Wie Gott ist der Heilige Geist ewig (Hebräer 9,14). Wie Gott ist der Heilige Geist überall präsent (Psalm 139,7-9). Wie Gott ist der Heilige Geist allwissend (1. Korinther 2,10-11; Johannes 14,26). Der Heilige Geist erschafft (Hiob 33,4; Psalm 104,30), schafft Wunder (Matthäus 12,28; Römer 15,18-19). und trägt zum Wirken Gottes bei. Mehrere Passagen benennen Vater, Sohn und Heiligen Geist als gleichgöttlich. In einer Diskussion um die Geistesgaben verweist Paulus auf die Parallelkonstruktionen von Geist, Herr und Gott (1. Korinther 12,4-6). Er beendet seinen Brief mit einem dreigeteilten Gebet (2. Korinther 13,14). Petrus beginnt einen Brief mit einer anderen dreigeteilten Form (1. Petrus 1,2). Diese Beispiele sind zwar keine Beweise für die Einheit der Dreifaltigkeit, aber sie unterstützen diese Idee.

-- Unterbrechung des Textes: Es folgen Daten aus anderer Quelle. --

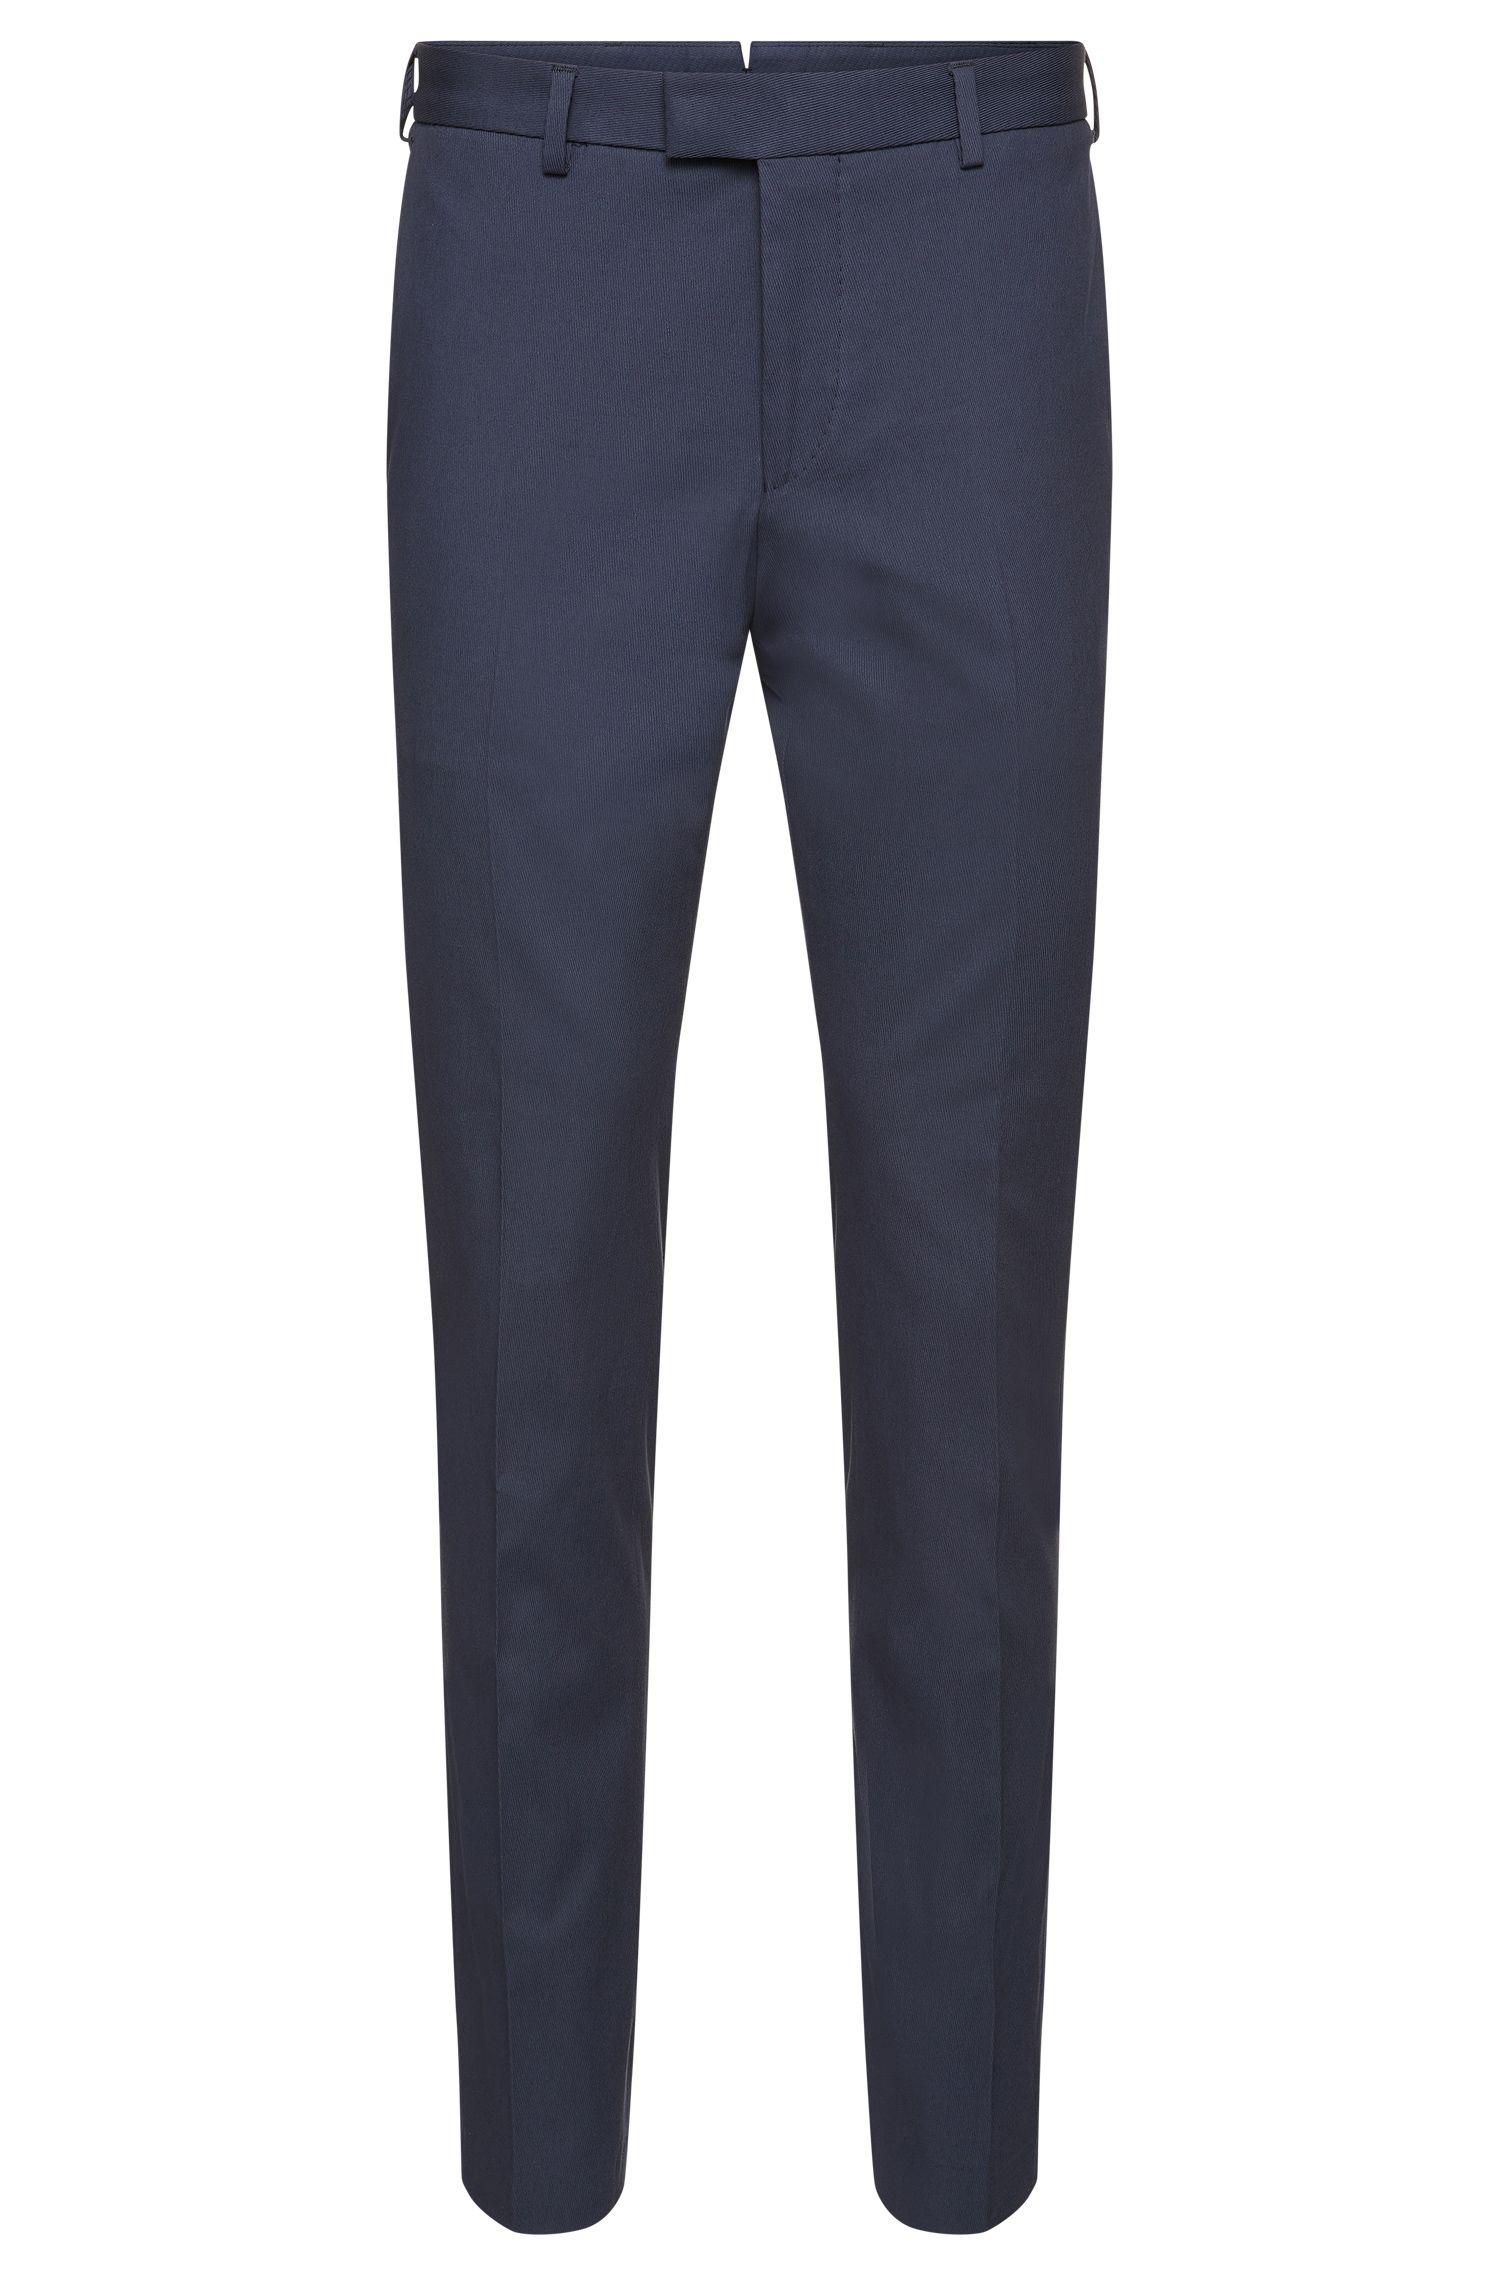 'T-Bak' | Slim Fit, Italian Stretch Cotton Dress Pants

Die Taufformel verstärkt das Anzeichen einer solchen Einheit: «Taufet sie auf den Namen des Vaters und des Sohnes und des Heiligen Geistes» (Matthäus 28,19). Die drei haben einen Namen, was darauf verweist, ein Wesen zu sein. Wenn der Heilige Geist etwas tut, tut Gott es. Wenn der Heilige Geist spricht, spricht Gott. Wenn Ananias den Heiligen Geist belogen hat, hat er Gott belogen (Apostelgeschichte 5,3-4). Petrus sagt, dass Ananias nicht einen Vertreter Gottes belogen hat, sondern Gott selbst. Menschen lügen keine unpersönliche Macht an.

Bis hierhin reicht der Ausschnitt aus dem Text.